Super Bowl Seed

This turf is tough enough – thanks to West Coast Turf and Pennington Seed.

Sports turf should take the tackles – survive kick-offs, sliding dives and cleat-clad, heavy players. Super Bowl seed needs to stand the rough-and-ready workout it will endure on Jan. 26, 2003, when two teams test just how durable a turf seed is – and, see who will win the championship, of course.

Two NFL teams will pass the pigskin across Pennington Seed’s Jet Perennial Ryegrass and Mallard Kentucky Bluegrass turf this year. More than 100,000 square feet of hybrid Bermuda sod is currently being cultivated at West Coast Turf’s Indio, Calif., facility, and the company will ship the sod 120 miles to San Diego so West Coast Turf crews can carpet the stadium green in time for the event.

“The playing field plays an incredibly important role in every football game at every level,” pointed out George Toma, Super Bowl XXXVII turf consultant, who was inducted into the professional football Hall of Fame for his field preparations. “When you bring the two best teams together for the biggest single sporting event in the world, the quality of the turf on the field is absolutely critical.”

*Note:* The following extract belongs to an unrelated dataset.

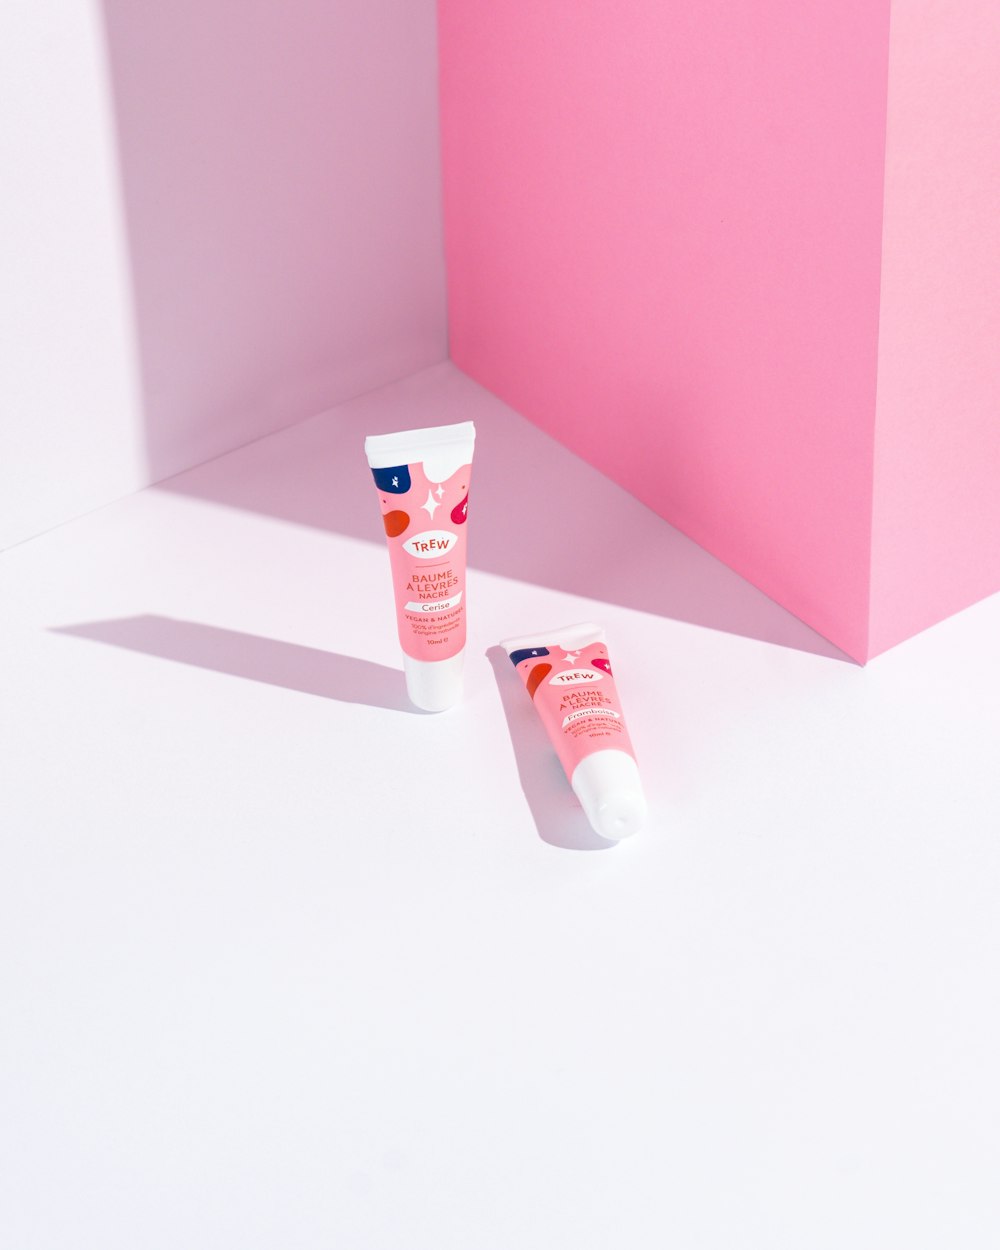 two tubes of toothpaste sitting next to a pink box

Toma knows this firsthand. At last year’s University of Hawaii opening game with Montana State at War Memorial Stadium in Maui, Toma reconditioned the worn-out field in time for kick-off by pre-germinating the site with ryegrass and seeding the field eight days before the game. “…It was in great shape by kick-off,” he said, adding that since Hawaii does not have sod farms, the turf crew took this alternative approach.

And it worked.

“In fact, I was awarded the game ball because of the condition of the field and also receive the player of the month quarterback award from The University of Hawaii Quarterback Club,” Toma noted.

Pennington Seed and Toma hope for the same winning results on the San Diego field. “Pennington seed is very proud to be playing such an important role in the biggest game of them all, Super Bowl XXXVII,” remarked Sonny Pennington, president and CEO, Pennington Seed, Madison, Ga.